【書籍発売】汝、現代ダンジョンに希望を持つべからず 作:鋼我77
地上に戻ってきた。新人二人は、大きく深呼吸をしている。ダンジョンから出ると、あの圧迫感から解放されるのが分かる。今回は魔法祭りでもあったから、さぞかし普通とは違う刺激を得たことだろう。
片付けをし、一息入れた所で居間に集合。陽子さんが入れてくれた麦茶を飲みつつ、面接の締めを行う。
「……とまあ、うちのダンジョンを体験していただきましたが。改めてお伺いします。わが社への入社を希望されますか?」
まだ入社していない時点で、あえてダンジョンに連れて行った理由。やはりどうしても、向き不向きはある。怖くて足が動かなくなるとか、テレビ等で時折聞く。入ってからやっぱり無理、では手間がかかる。入る前に分かるならそれが良い。
宏明さんと歩さんは互いを見合い、こちらに向き直って首を縦に振った。
「なんとかやって行けそうです。よろしくお願いします」
歩さんは覚悟を決めた表情をしている。やけっぱちではないようだ。
「自分もです。勝則くん達がいてくれるのが何より心強い。っていうか三人も魔法使いがいるってすごいことなのでは?」
宏明さんがちょっと頬を引きつらせつつ笑いながら語る。まあ、確かにそれはそう。一人いるだけで間違いなく環境が変わる。だというのに三人、さらにその中には大ベテランが入っている。反則と言えるだろう。
そしてそんな魔法使いの一人は微笑みを崩さない。
「なかなか楽しい職場のようです。私もぜひお願いしたい」
……絶対この人、ウチじゃあもったいないレベルの人材だよなあ。自分で言うのも何だが猫に小判、豚に真珠だ。だけど、こういってくれるなら是非もない。
「それでは、三名とも採用ということで。よろしくお願いします」
「「「よろしくお願いします」」」
社員一同、頭を下げる。これで、パート含め総勢八名。俺一人から、ずいぶんと増えたものである。何とも感慨深い。
「早速ですが社長。芦名さんと森沢さんをアパートに案内しようかと」
「ああ、そうか。……というか、引っ越し先あそこにするのか」
「一番近いうえに、家賃も安いので」
勝則の言葉に、強くうなずく新人二人。そうか、金もないか……なんか当分、メシをウチで食うことになりそうだな。別にそれはいい。ダンジョン食材で体力をつけてもらわなきゃいけないから。
問題は手間なんだよなあ。俺らが多少手伝うだけじゃ足りないだろう。裏方にもう少し人員増強が必要に思う。

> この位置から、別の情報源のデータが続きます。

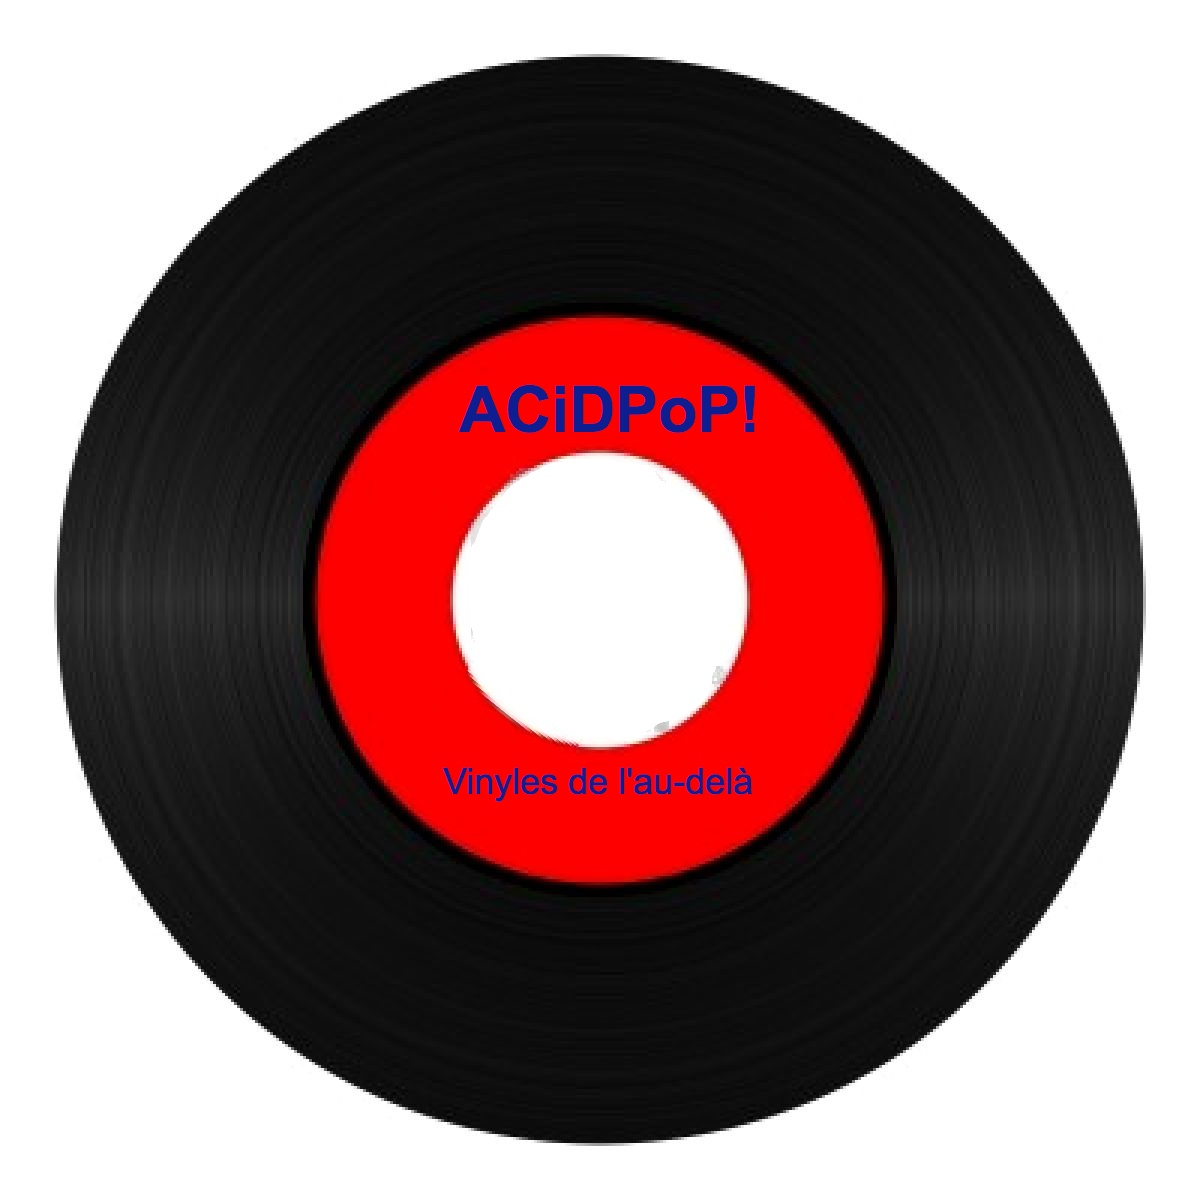 http://2.bp.blogspot.com/-FFV-xjHeY3c/TZydkUqaUwI/AAAAAAAAVZM/1vDhX1NyXIk/s1600/vinyle.jpeg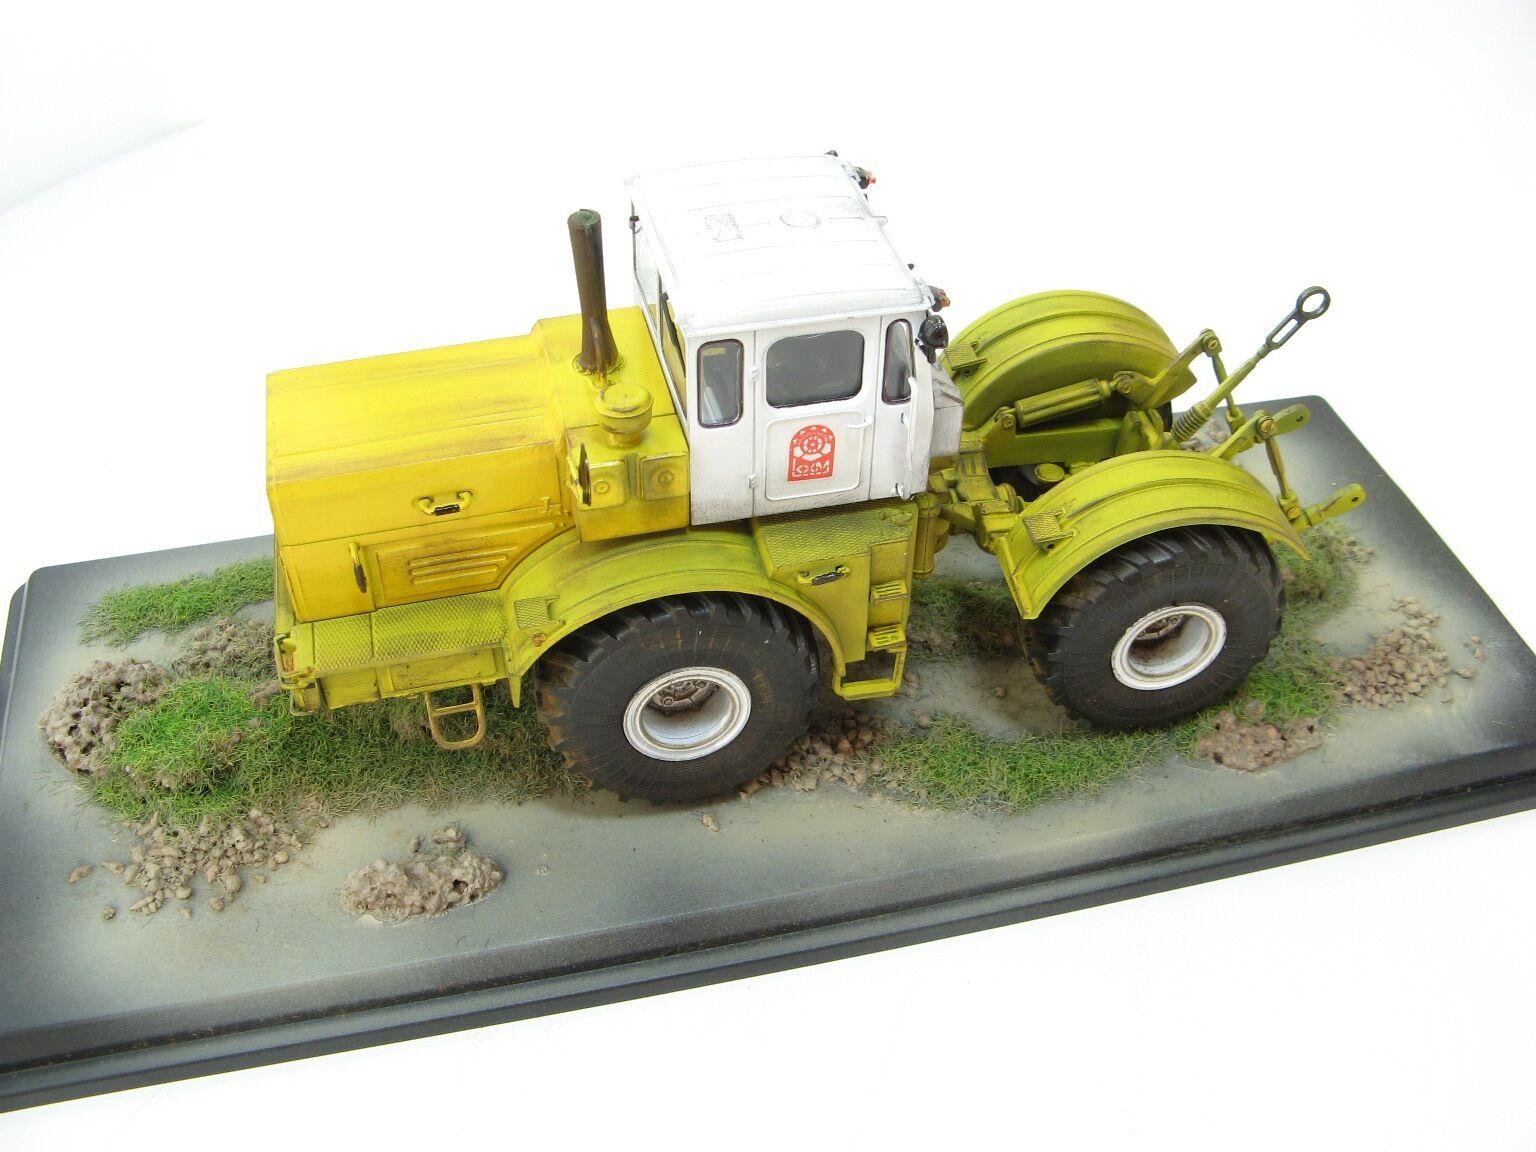 Кировец К-701     Kirovets K-701 tractor Nostalgie SSM 1 43 exclusive L.E. a292d3

新人二人が勝則に連れられ出発する。生活が安定するまで、しばらくかかるだろう。まあ、流たちで経験済みだ。
「そういえば、藤ヶ谷さんはマンション暮らしでしたか」
「ええ。あそこの一部屋を買いました。若干距離があるので、自転車でも買おうかと思います。せっかくですしね」
遠方に、八階建てのマンションが見える。たしか、そこそこお高くいい物件だったはず。入口とかキー入力のやつ。流石、東京で稼いできた人は違う。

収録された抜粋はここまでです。